If you're really concerned about it, invest in a modern freeze dried DVI culture. They will last in the freezer for years, literally, and will give you an excellent product every time, cheap and easy.


----------



## Lannie (Jan 11, 2004)

I'd always heard that freezing cultured starters was a no-no, but then recently a whole gang of people I know told me they do that all the time and it works. So I tried it. All I can say is that FOR ME, freezing yogurt or buttermilk to save it to use as a culture later doesn't work at all. I couldn't get my yogurt to set up using the previously frozen starter, and the buttermilk that I used previously frozen starter in didn't even develop the buttermilk smell, much less the thickness. The starter cultures had only been frozen for a couple of weeks when I tried to use them the first time, so it wasn't like they'd been in there for years and someone could say they were too old. They died on freezing, as far as I can tell. So I have a freezer full of frozen yogurt and buttermilk that I use as I need it for consumption only. It tastes fine after it's been thawed and stirred up, but I'm sorry, nobody can convince me that the cultures are still alive.

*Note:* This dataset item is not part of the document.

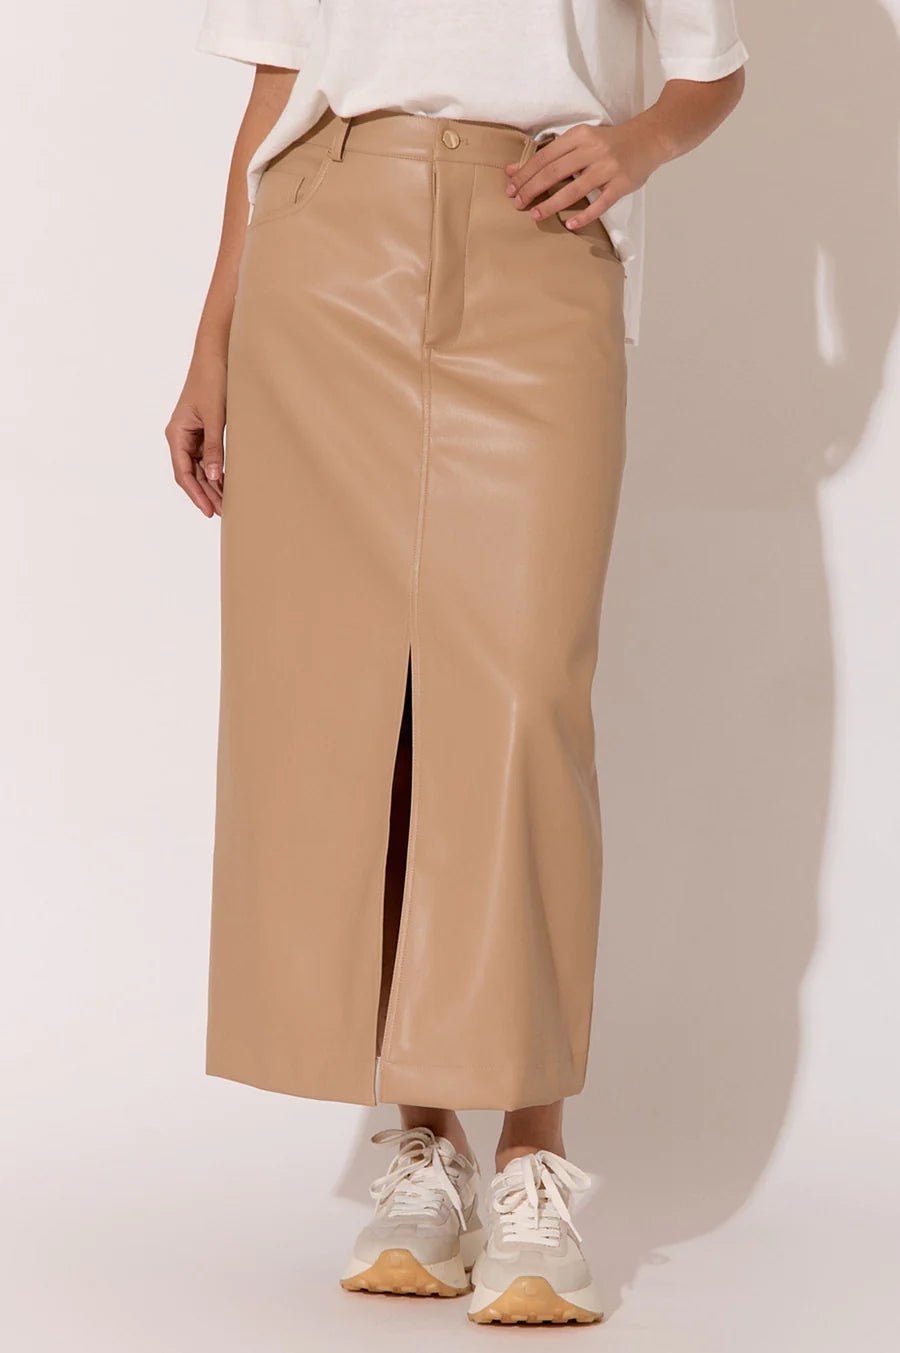 Asher Faux Leather Skirt (Camel) - Something For Me​​

The only thing I can suggest is you try it and see if it works for you. I have no reason to believe all those other people lied to me about it working for them. Maybe it's the temperature of the freezer. But for me it doesn't work.

~Lannie


----------



## jerzeygurl (Jan 21, 2005)

i have frozen mother cultures and they have worked out well

i find it takes too much time to make the mothers, and it dilutes the sour cream too much so i use the freeze dried


----------